Using the 10 random numbers from above, here’s what I get:

It’s not much of a bell curve, is it. That’s because we’re working with 10 numbers. Let’s increase our sample of random numbers to `n = 1000`

.

```
x = rnorm(n = 1000, mean = 0, sd = 1)
hist(x)
```

Now we get something that better resembles a bell curve

### What am I looking at?

Let’s back up and describe what we’re looking at when we stare at R’s default histogram.

On the horizontal axis, R plots the values of our variable. Here, that’s `x`

.

The purpose of a histogram is to put these values into various ‘bins’, and then see how many values fall within each bin (what R calls ‘frequency’). So the bars correspond to the various bins. And the height of each bar tells us how many values of `x`

fall within each bin.

Because we’re working with a normal distribution. We expect to get a histogram that looks like a bell curve. And we do!

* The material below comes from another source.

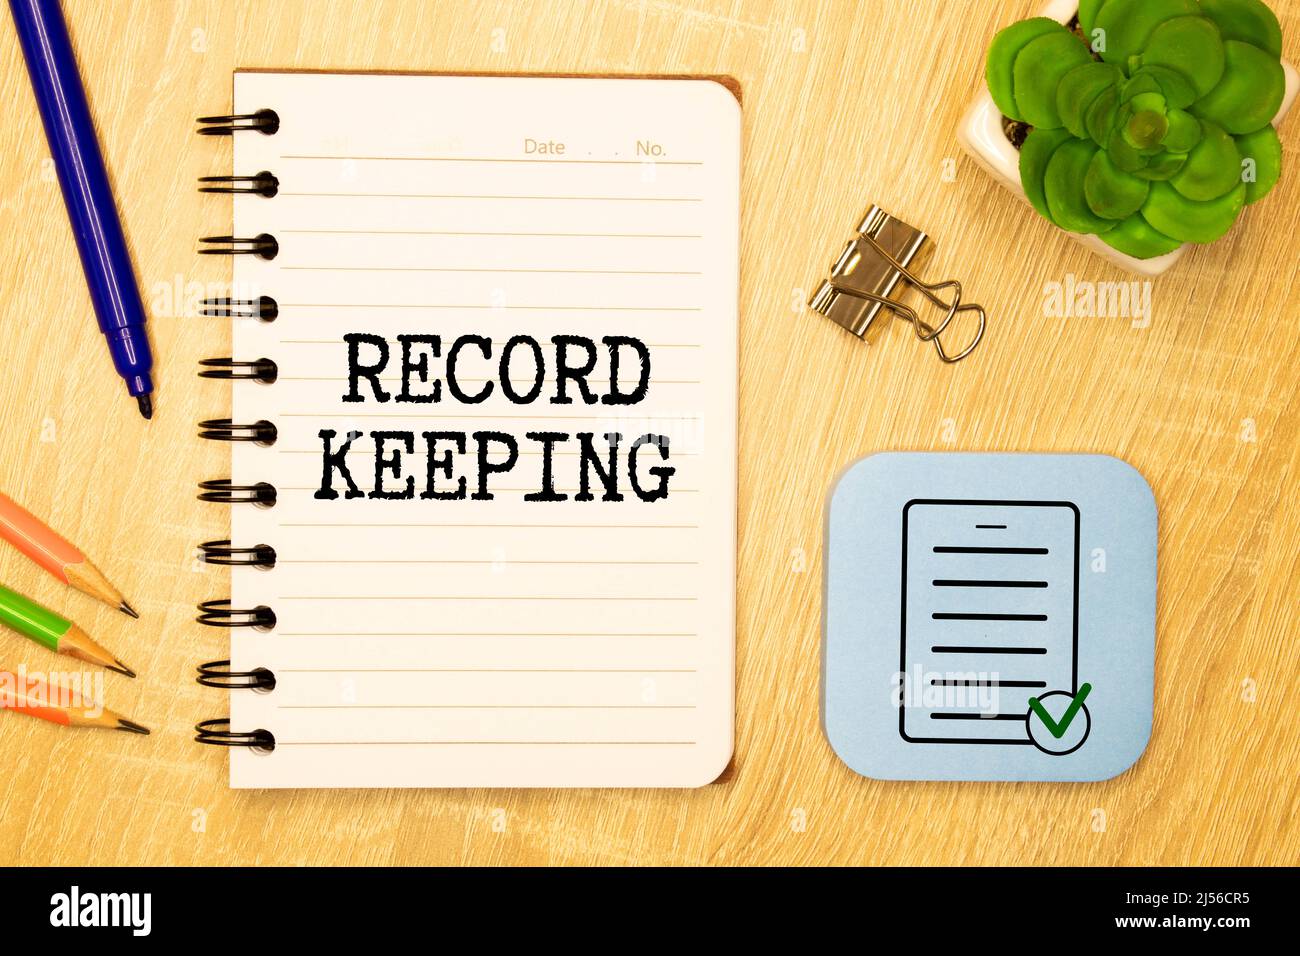 Record keeping text written on a notebook with pencils. Stock Photo

### Changing the number of bins

By default, R will guess how many bins to use for the histogram. If you don’t like the default, you can change it using the `breaks`

value.

Let’s make a histogram with 100 breaks.

```
hist(x, breaks = 100)
```

Now we get a lot more bins in the data:

That’s a bit too many breaks. Let’s try 40:

```
hist(x, breaks = 40)
```

This looks a bit better:

### Manual breaks

Instead of telling R how many bins we want, we can specify the exact locations where the bins should break. To do that, let’s first review the sequence function. The function `seq`

creates a sequence of numbers that have a defined step size. It takes 3 inputs:

`from`

: value where the sequence should start`to`

: value where the sequence should end`by`

: the step value of the sequence

For example, here’s how to create a sequence of numbers from 0 to 4 that increase by 0.5 between elements:

```
seq(from = 0, to = 4, by = 0.5)
```

Here’s the sequence:

```
[1] 0.0 0.5 1.0 1.5 2.0 2.5 3.0 3.5 4.0
```

We can use the sequence function to define the breaks for our histogram. First define the bin breaks. Let’s make a sequence from -4 to +4 with a step interval of 0.25:

```
bins = seq( from = -4, to = 4, by = 0.25)
```

Then tell R to use these values as the breaks (edge) of each histogram bin. Here’s what we get:

```
hist(x, breaks = bins)
```

Note: if you specify manual breaks, they must cover the entire range of your data. If they don’t R will throw an error.

For example, let’s make bins that go from 0 to 2.

```
bins = seq(from = 0, to = 2, by = 0.5)
```

Since our values of `x`

extend beyond this range, R will not like these breaks:

```
> hist(x, breaks = bins)
Error in hist.default(x, breaks = bins) :
some 'x' not counted; maybe 'breaks' do not span range of 'x'
```

`hist`

is blazing fast

In R, the `hist`

function is both easy to use and extremely powerful. It can handle millions of data points with ease:

To see this fact, let’s generate 1 million random numbers:

```
x = rnorm(n = 1e6, mean = 0, sd = 1)
```

(Here, `1e6`

is 1 million in scientific notation.)

Now let’s take these million numbers and plot their histogram. For fun, let’s use 1000 bins:

```
hist(x, breaks = 1000)
```

I get back a beautiful bell curve:

### Store your histogram values

By default, the `hist`

function plots your histogram. Perhaps, though, you just want the underlying data. You can get that by dumping the histogram function into a variable:

```
hist_data = hist(x, plot = F)
```

The `plot = F`

tells R not to plot the histogram. If you want to both plot the histogram and store the values, remove this code.

The `hist`

function will dump out a bunch of values, including the bin breaks, the counts in each bin, the midpoints of each bin, and the ‘density’ values (more on what this means in the future). The data will be formatted as a list, which is not the most convenient data type. Still, you can get the data you want using the `$`

command.

For example, to get the counts in each bin, I’d enter:

```
hist_data$counts
```

Here’s what I get:

```
[1] 30 221 1139 4866 16733 43714 91901 149683 191697 191026
[11] 150284 91876 43903 16614 4966 1135 187 21 4
```

### Use `hist`

to explore your data

I mostly use the `hist`

function to get a sense for my data. If I want to make a publication-ready histogram, I use ggplot. But that’s a topic for the future.

For now, enjoy the fact that R makes histograms easy.